These People Risked their Lives to Advance Medicine and Cure Disease

These People Risked their Lives to Advance Medicine and Cure Disease

Larry Holzwarth - April 19, 2020

These People Risked their Lives to Advance Medicine and Cure Disease
Yellow fever dormitory during the commission’s study of how the disease spread, 1901. US Army

10. Some of the volunteers in the yellow fever experiments.

On January 21, 1901, Private John Andrus of the US Army Hospital Corps overheard Walter Reed and James Carroll arguing over Reed’s determination to have himself deliberately exposed to yellow fever. Knowing Reed’s importance to the commission, Andrus offered to replace him as a potential victim of the disease. Andrus received an injection of blood from a yellow fever patient on January 25, and first exhibited symptoms of yellow fever several days later, though he recovered from the disease. Andrus later wrote of his experiences both with the disease and serving with the commission, in which much of what is known of the experiments and research is found. He later received the Congressional Gold Medal for his service with the commission.

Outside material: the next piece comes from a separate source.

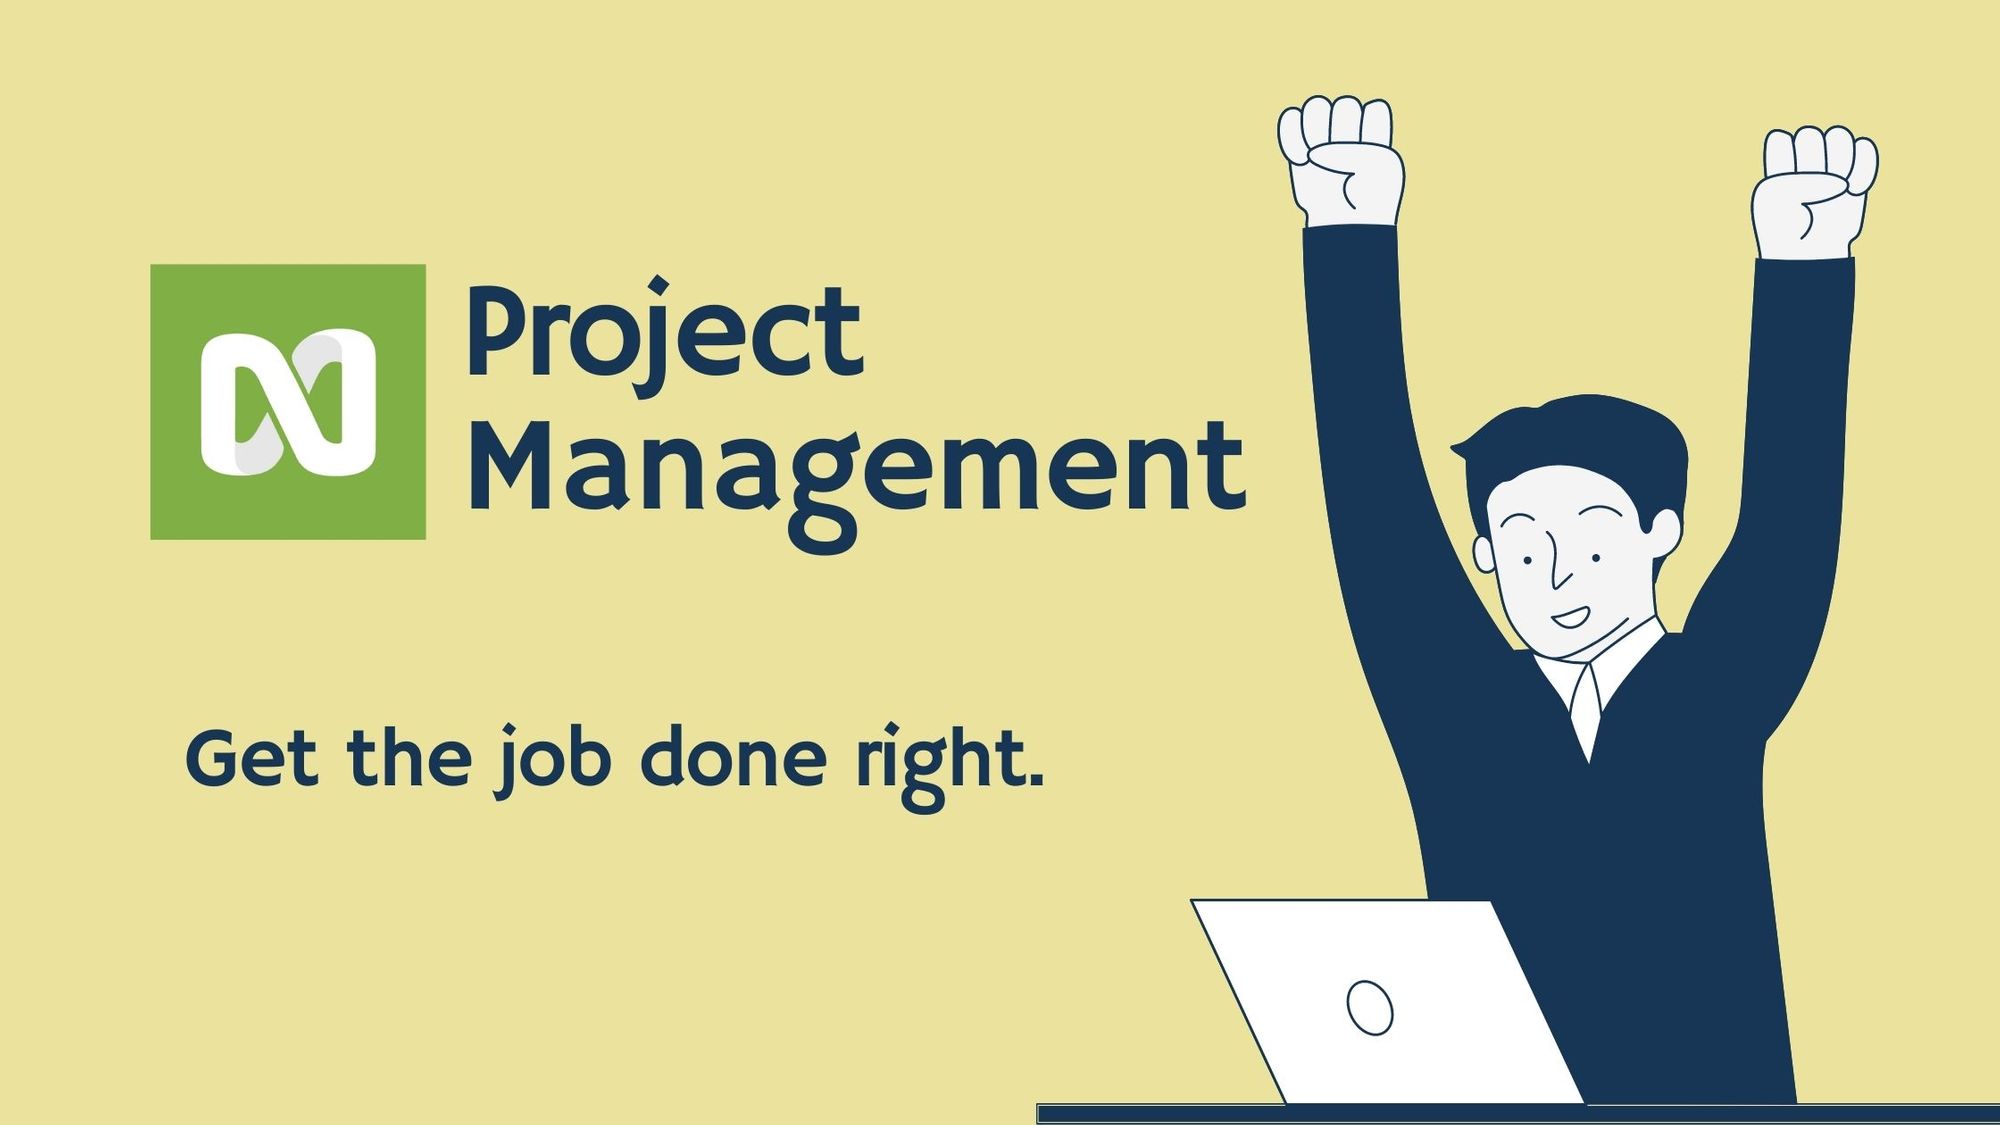 nTask - The Clever Tool for Project Management with Great Features You Need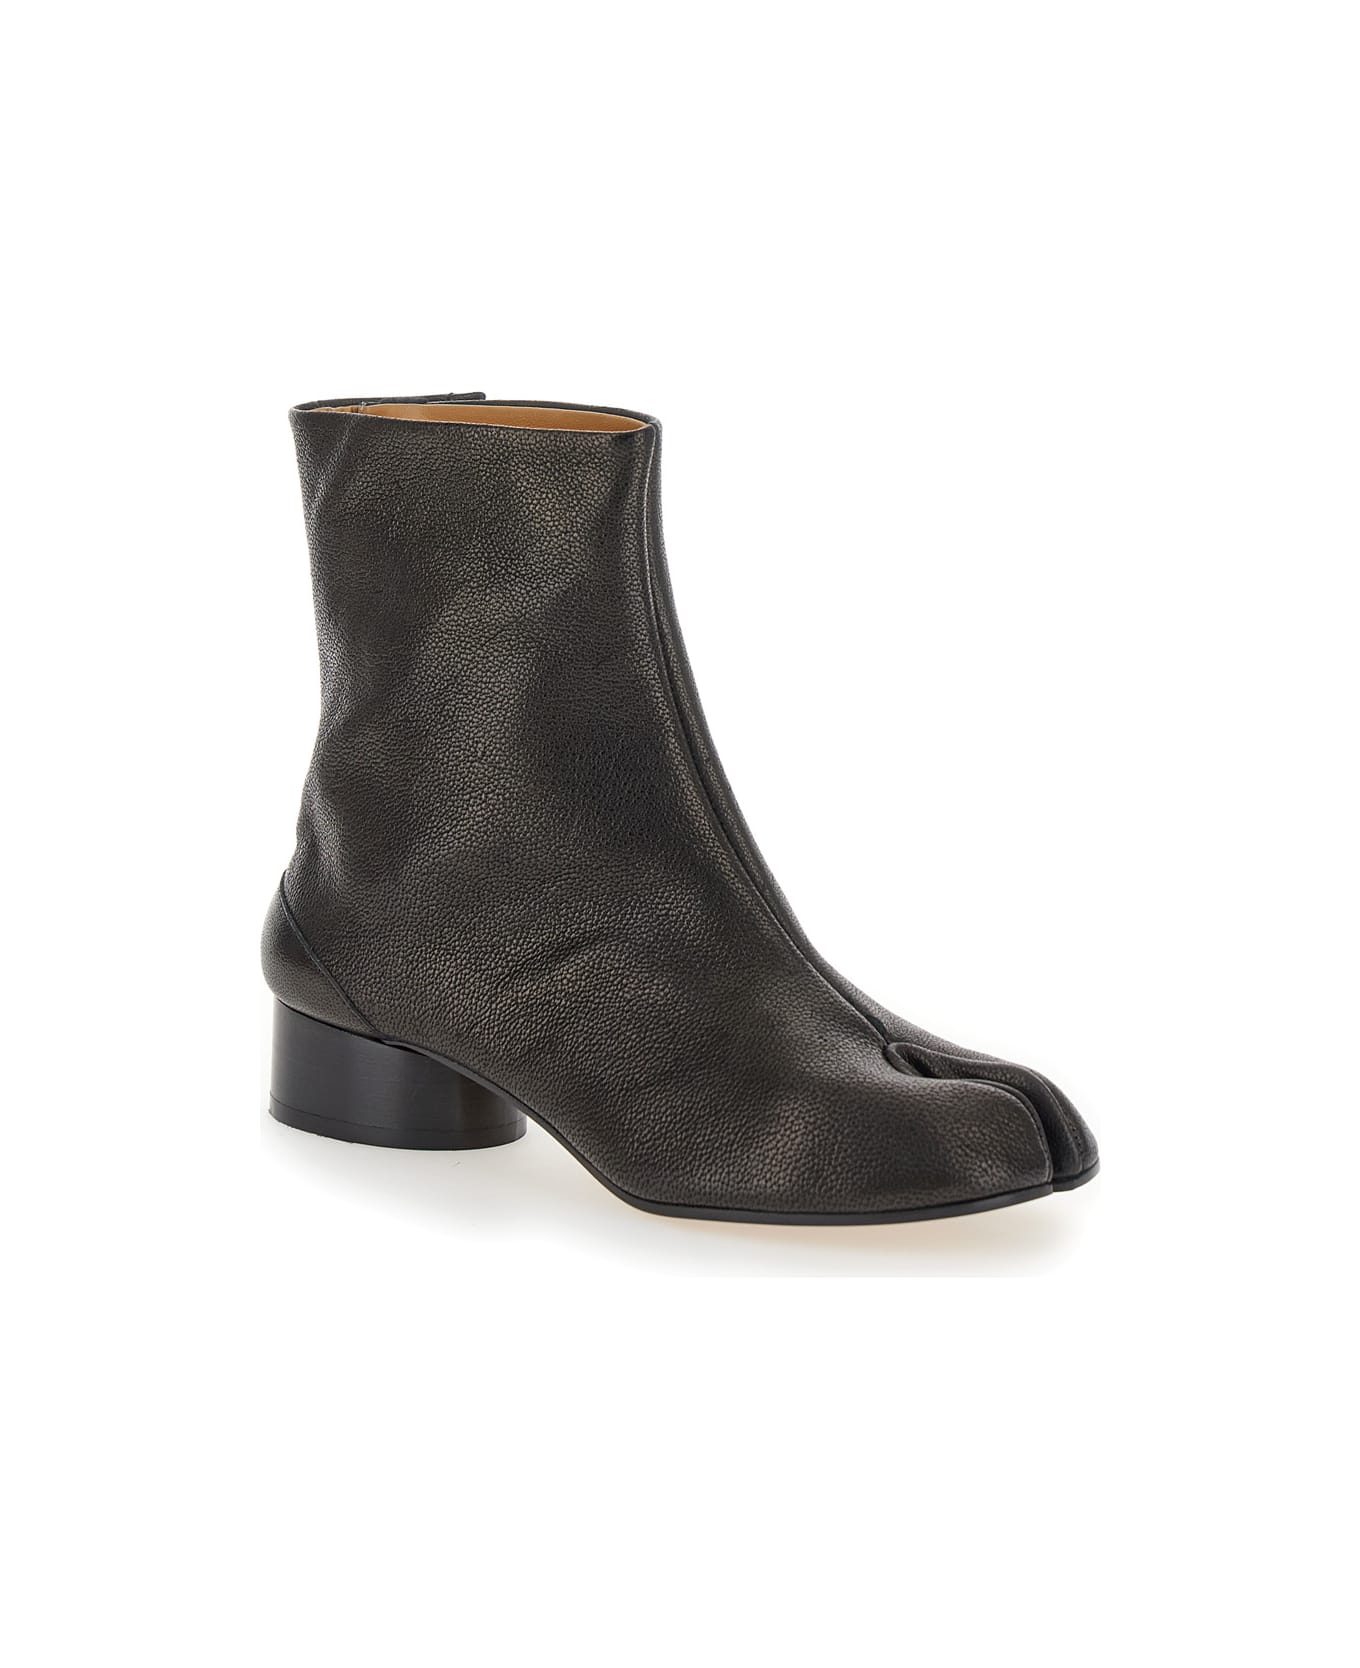 Maison Margiela 'tabi' Black Ankle Boots In Leather Woman - Black ブーツ

John Bullard, an American citizen and one of two civilian volunteers, allowed himself to be injected with the blood of an infected patient for less altruistic reasons. Bullard later wrote, “Volunteering to Dr. Carroll for experimental yellow fever was, I can assure you, a cold-blooded business proposition. There were no heroics in it as far as I was concerned…I suspected that I would probably get it spontaneously anyhow, so I decided I’d rather have it under favorable circumstances”. The favorable circumstance referred to by Bullard included free medical care should he contract the disease, and the financial remuneration offered by the time of the third phase, which ranged from $8,000 to $20,000 expressed in terms of today’s dollar.